Dorchester Minerals, L.P. is a Dallas based owner of producing and non-producing crude oil and natural gas mineral, royalty, overriding royalty, net profits, and leasehold interests and its common units trade on the NASDAQ Global Select Market under the symbol DMLP.
FORWARD-LOOKING STATEMENTS
Portions of this document may constitute "forward-looking statements" as defined by federal law. Such statements are subject to certain risks, uncertainties and assumptions.
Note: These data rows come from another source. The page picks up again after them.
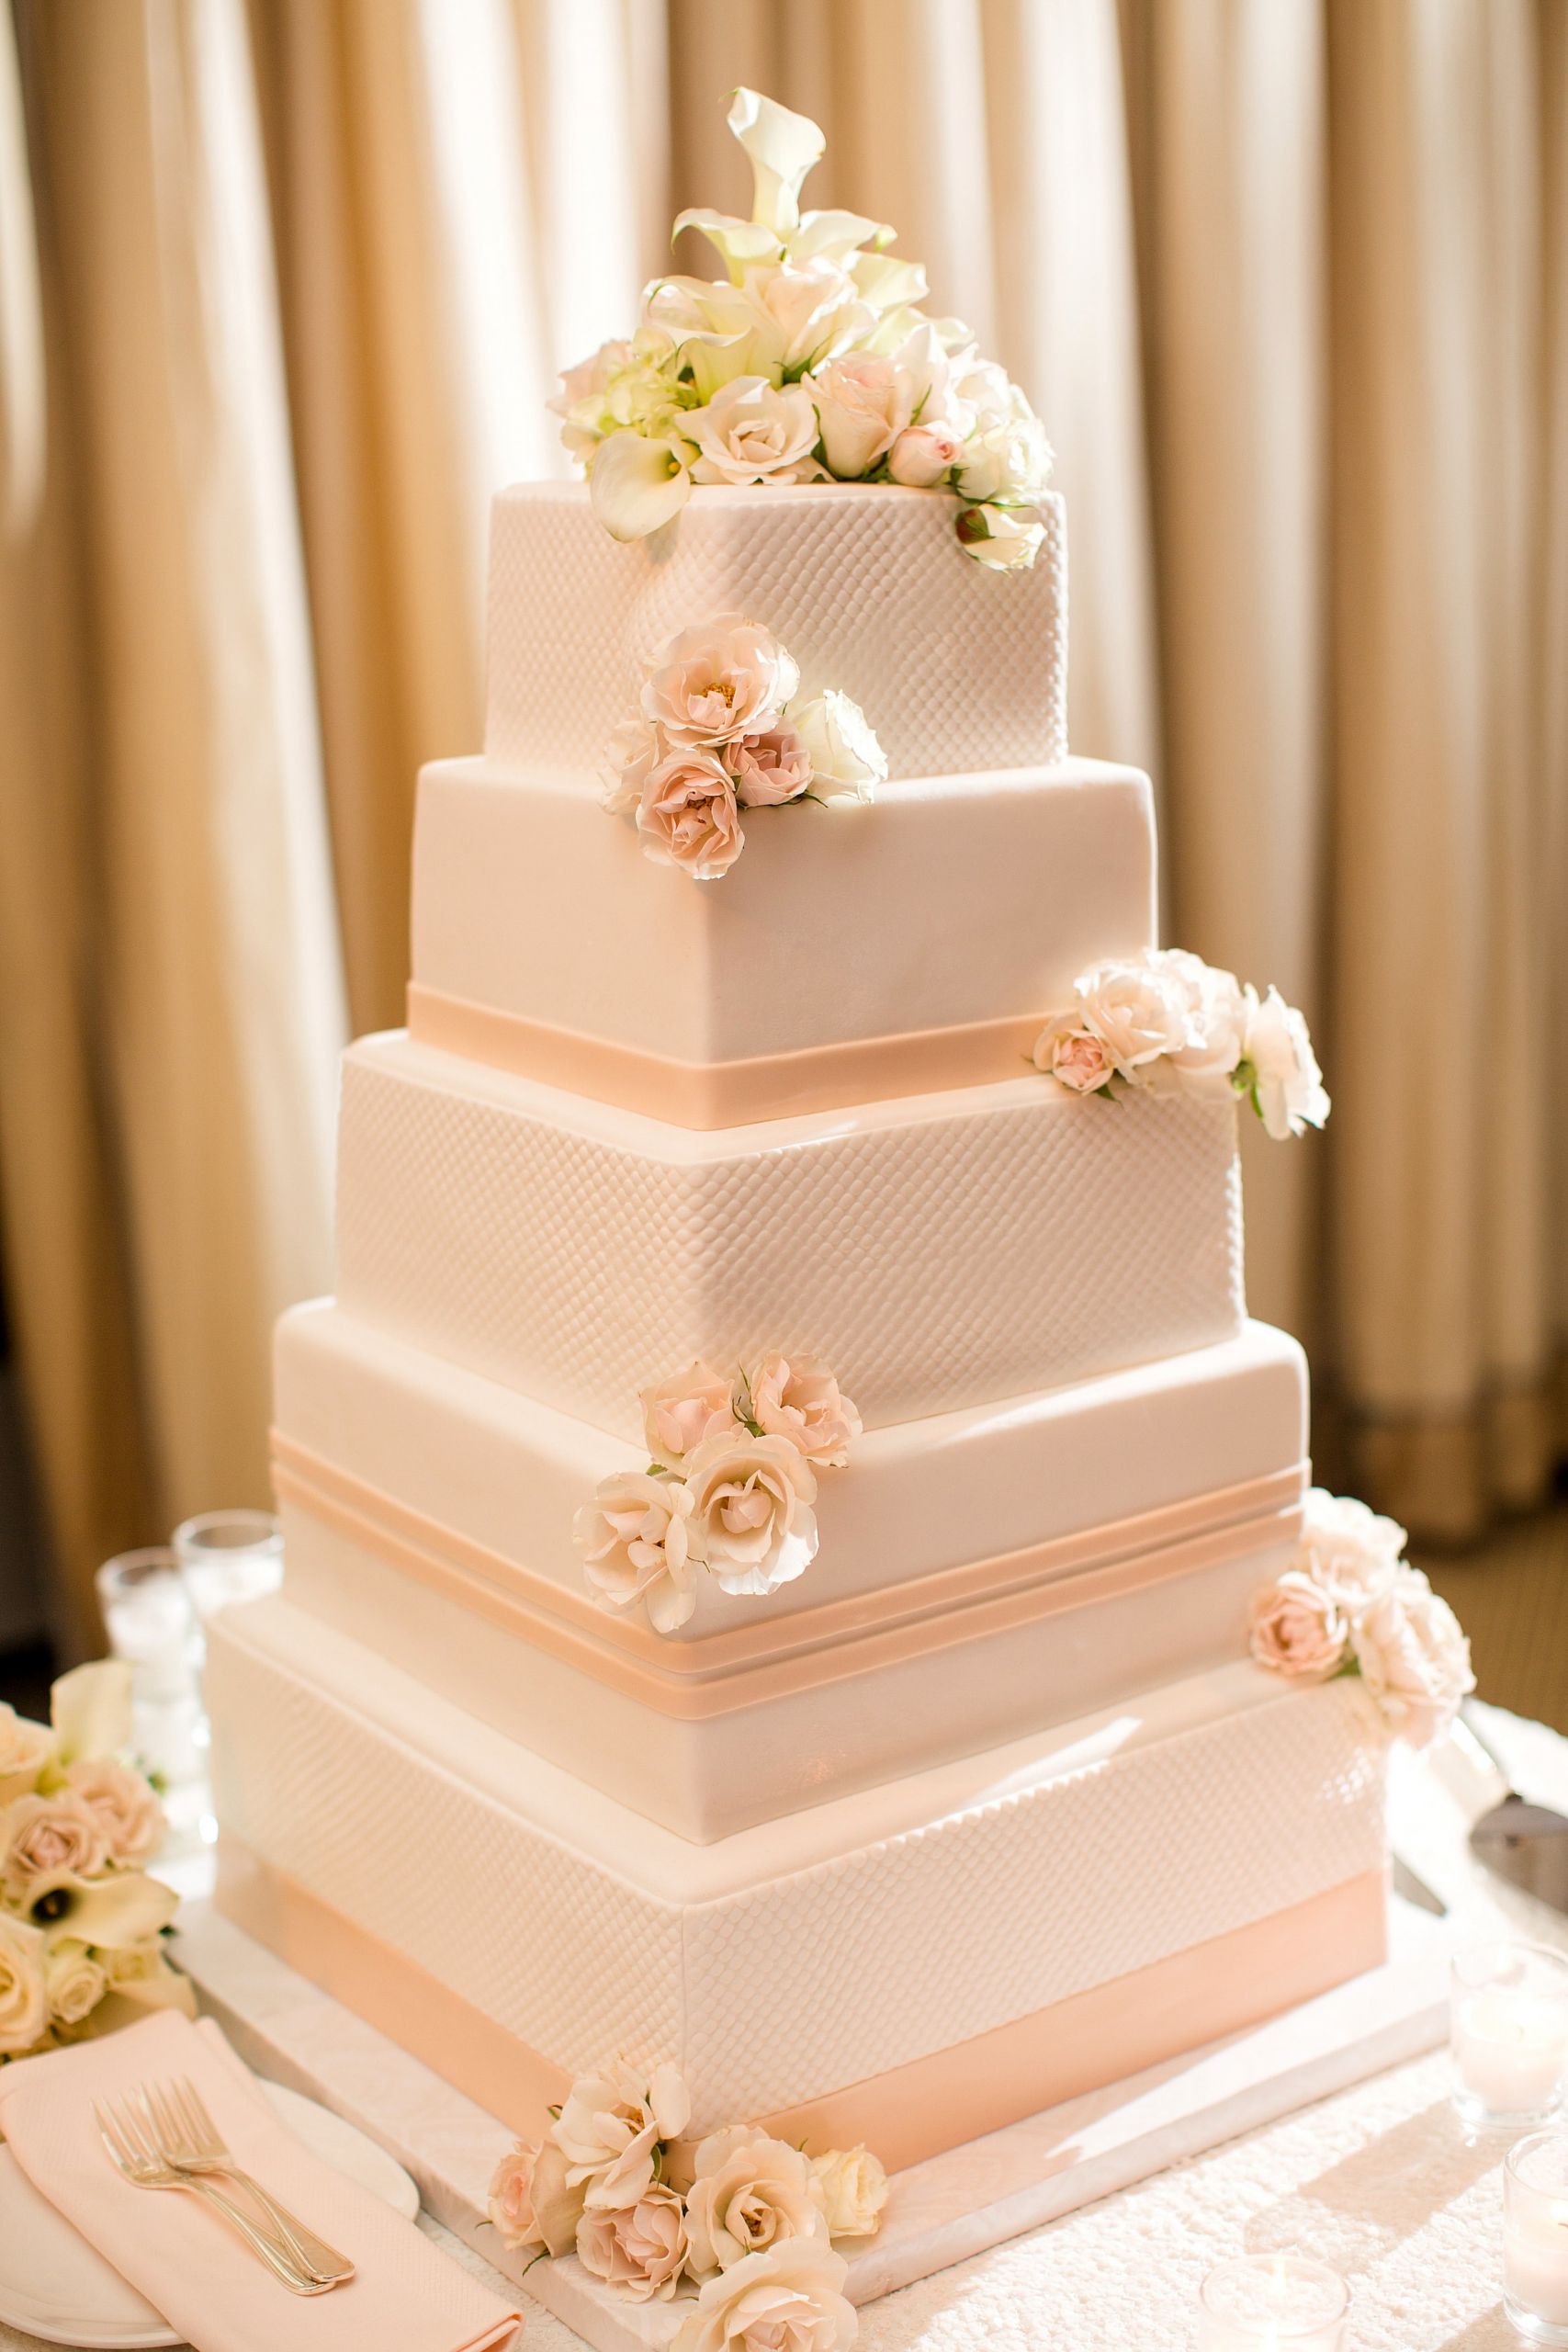 Wedding Cakes Images
 Vanilla Bake Shop Wedding Cakes
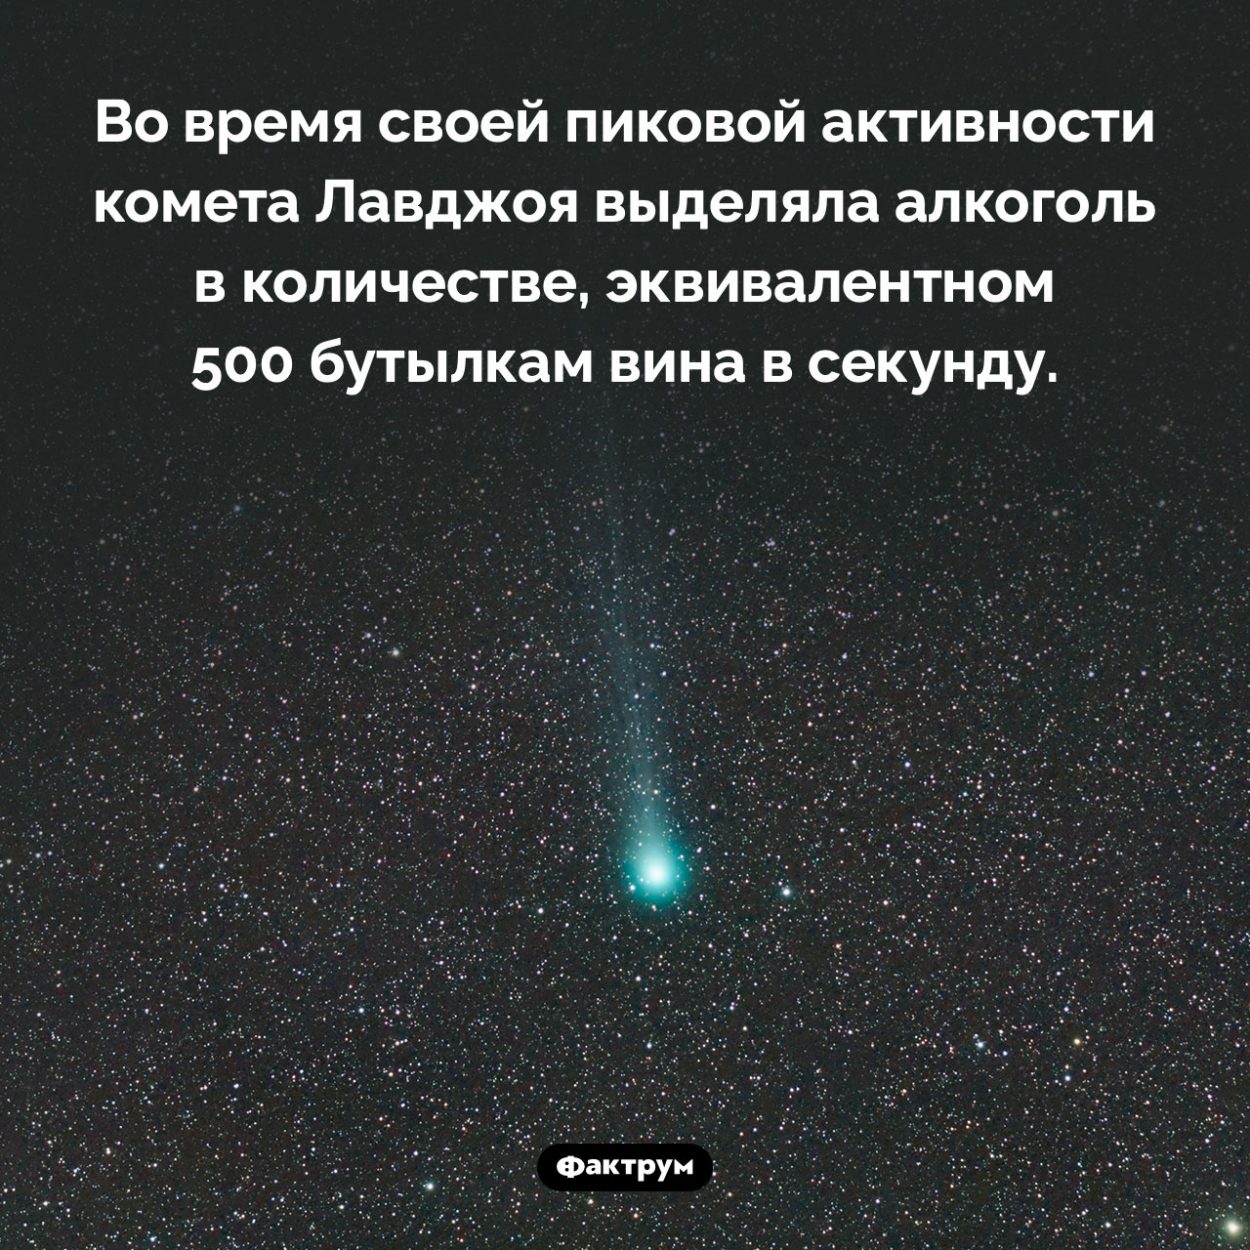 Алкоголь кометы Лавджоя. Во время своей пиковой активности комета Лавджоя выделяла алкоголь в количестве, эквивалентном 500 бутылкам вина в секунду. 
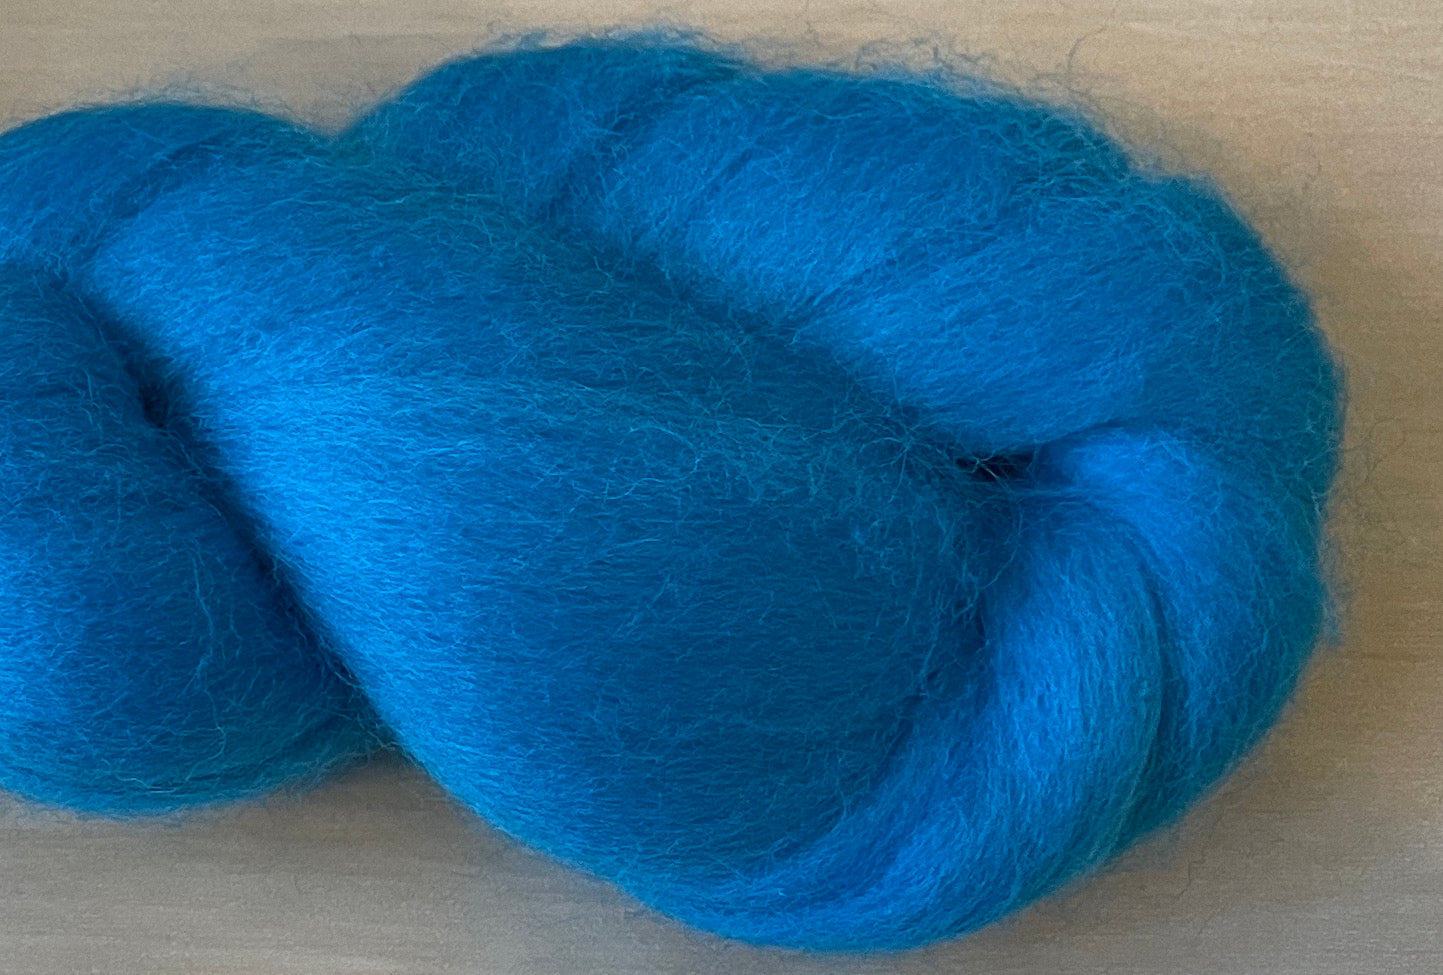 100% Merino Wool Roving - Turquoise

Should one or more of these risks or uncertainties materialize, or should underlying assumptions prove incorrect, actual results may vary materially from those anticipated, estimated or projected. Examples of such uncertainties and risk factors include, but are not limited to, changes in the price or demand for oil and natural gas, changes in the operations on or development of the Partnership’s properties, changes in economic and industry conditions and changes in regulatory requirements (including changes in environmental requirements) and the Partnership’s financial position, business strategy and other plans and objectives for future operations. These and other factors are set forth in the Partnership's filings with the Securities and Exchange Commission.